平成15年11月25日
蕎麦続報
  先日、琵琶湖の側の同業者の父親、Aさんの作ってくれた美味しいおそばの話を書いたら、興味を持った方から質問が来ましたので、うろ覚えの中から続報を書いて見ます。
  お蕎麦を作ってくださったAさんは、5年前から本格的な蕎麦を打つために研究を繰り返し、そば粉の産地から付け汁の返しまで徹底的に工夫を繰り返しておられるのです。
  情報収集も怠り無く、蕎麦に関する専門書も数多く揃っていて、そば粉は北海道と新潟、長野と茨城の物などをブレンドし、季節によって使い分けているのですから凄いでしょう。
  蕎麦をこねる大きな鉢は、つやの有るケヤキの一枚板で作られていて、蕎麦を打つ棒は8本も揃えてあるのですから、本物を追求するというのは大変な努力とそれなりの資本もかかるようです。
  三角形の蕎麦の実の中は、おおよそ三段階に分かれますが、殻を外した一番外側は黒っぽくなっていて、『蕎麦は黒いもの』というのは、この部分の粉を使って打ったものです。
  次に、三角の蕎麦の実の外側を削った中間の部分の粉は、蕎麦粉としては少し白っぽくなっていて、味と香りが上品で蕎麦を打つのに一番適している部分と言えるでしょう。
  蕎麦の実の芯の部分は、真っ白で粘りが少なく、蕎麦を棒で伸ばすときにくっ付かない様に粉をまぶす時に使います。
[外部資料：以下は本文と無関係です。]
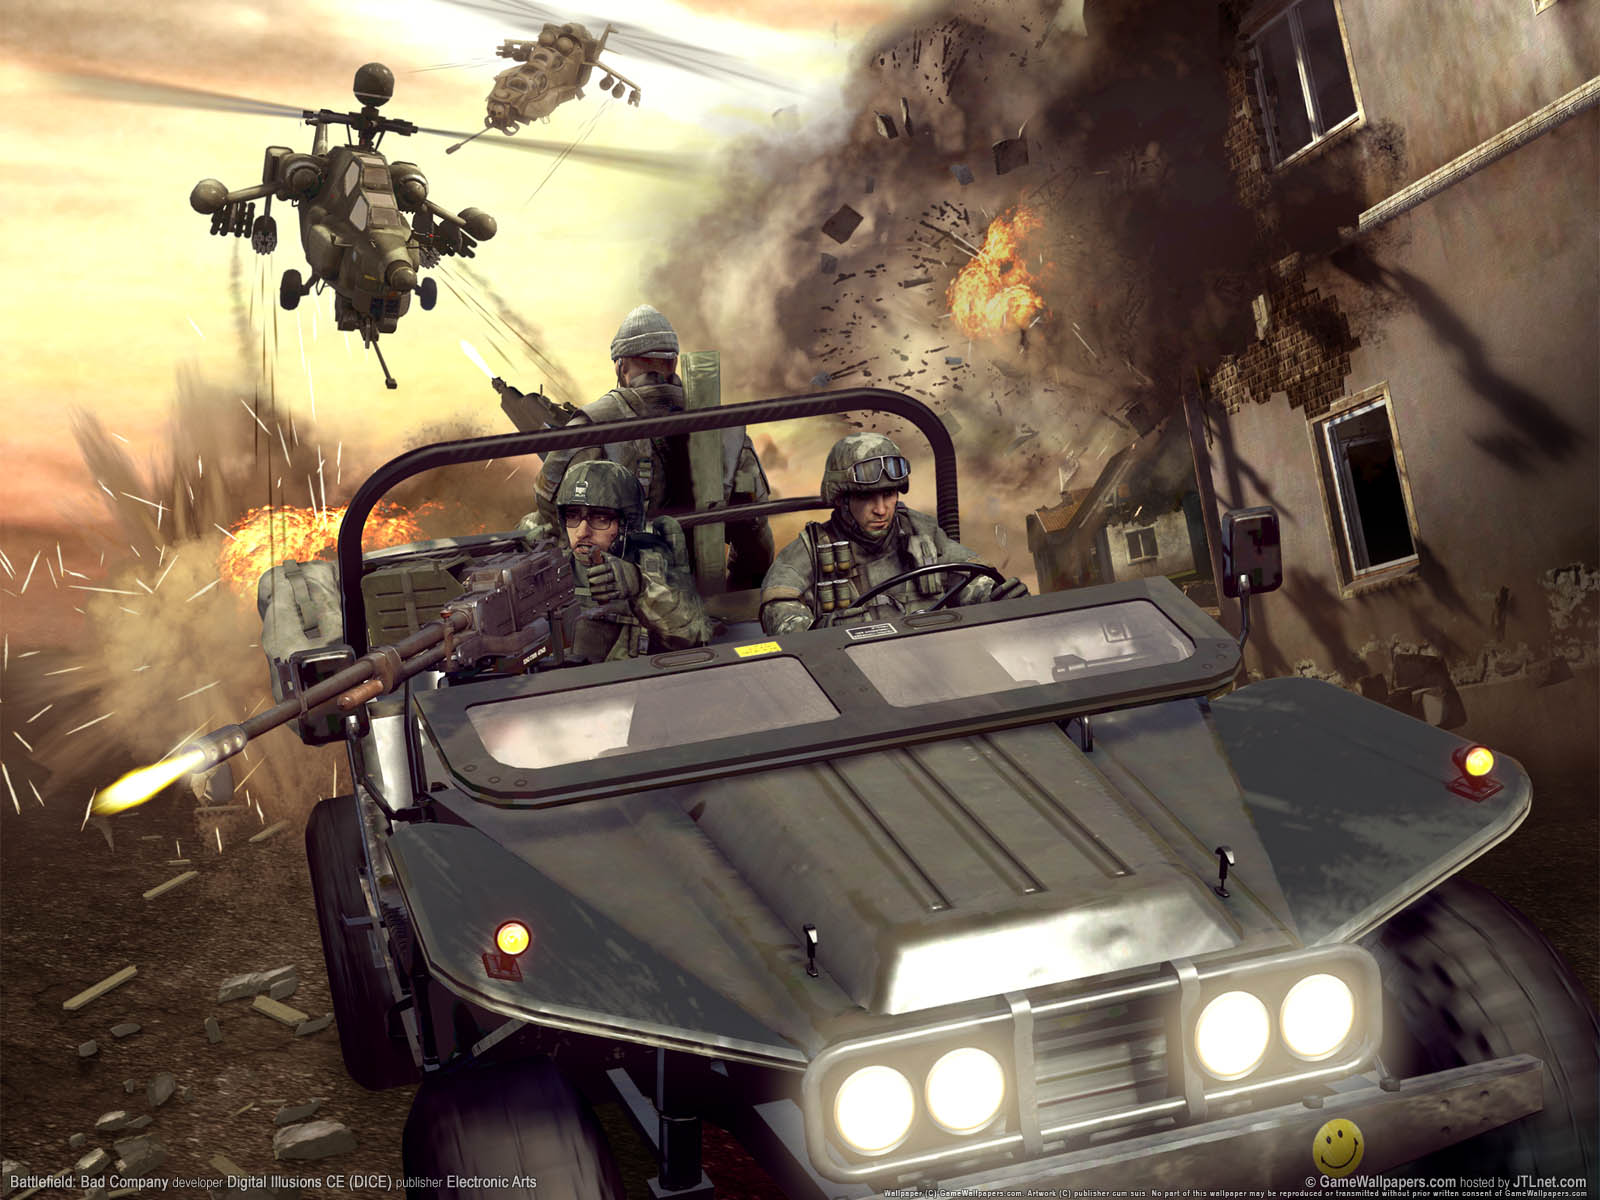 Battlefield%3A Bad Company fond d'cran 01 1600x1200

Aさんの場合、蕎麦粉が9割に小麦粉を1割と大和芋をつなぎに使っていました。
  蕎麦粉を10割で打つと千切れたり「ぼそぼそ」して食べにくい状態になるので、長野の蕎麦好きは『蕎麦がき』といって、お椀に蕎麦粉を入れてかき回しながらお湯で溶いて生醤油などを掛けて食べます。
  街の蕎麦屋さんでも、蕎麦粉は7割か8割で、残りは小麦粉を混ぜるお店がほとんどであり、駅の立ち食いの場合には、蕎麦粉が2割で小麦が8割といわれているほどです。
  前回、「噛みしめつ 心に残る 蕎麦の味」と川柳を書いたら、「蕎麦は、噛まないで喉越しを楽しむものでは・・!」と言った方が居られましたが、実際には、3回から4回は噛みしめたほうが味わいが深くなりますし、香りも楽しめるので意地を張らずにお試し下さい。
  蕎麦は、包丁の切れ味で食感が変わります。切れ味の悪い包丁できった場合には、蕎麦の切り口が乱れるために茹でる間に蕎麦がちぎれる事が多く、切り口が鋭角なほど喉越しは美味しく感じるものなのです。
  「蕎麦は、太さが不ぞろいでは茹でる時間が定まらない」と考えるAさんは、蕎麦を1.5ミリの厚さに平らに伸ばしてから、包丁で1.5ミリに切り揃えるので、長さが20aほどの見事なお蕎麦が仕上がります。
  それを熱湯で20秒間茹でて網ですくうと、都合25秒ほど茹でることになり、それを冷水で洗って引きしめます。太さが異なる『乱切り田舎蕎麦』などは部分的に茹ですぎて歯ごたえが不満に成ります。
  Aさんは、打ち立ての生の蕎麦をクーラーボックスに入れて友人達に届けますが「茹で方で失敗をしないように、特製の網と秒単位で表示されるタイマーを100軒も差し上げている!」というのですから本格的です。
猿といえば、やはり孫悟空でしょう。
今回のイラストは、孫悟空が
『悟空上仕上げ』の品物を三蔵法師に
お渡ししているところです。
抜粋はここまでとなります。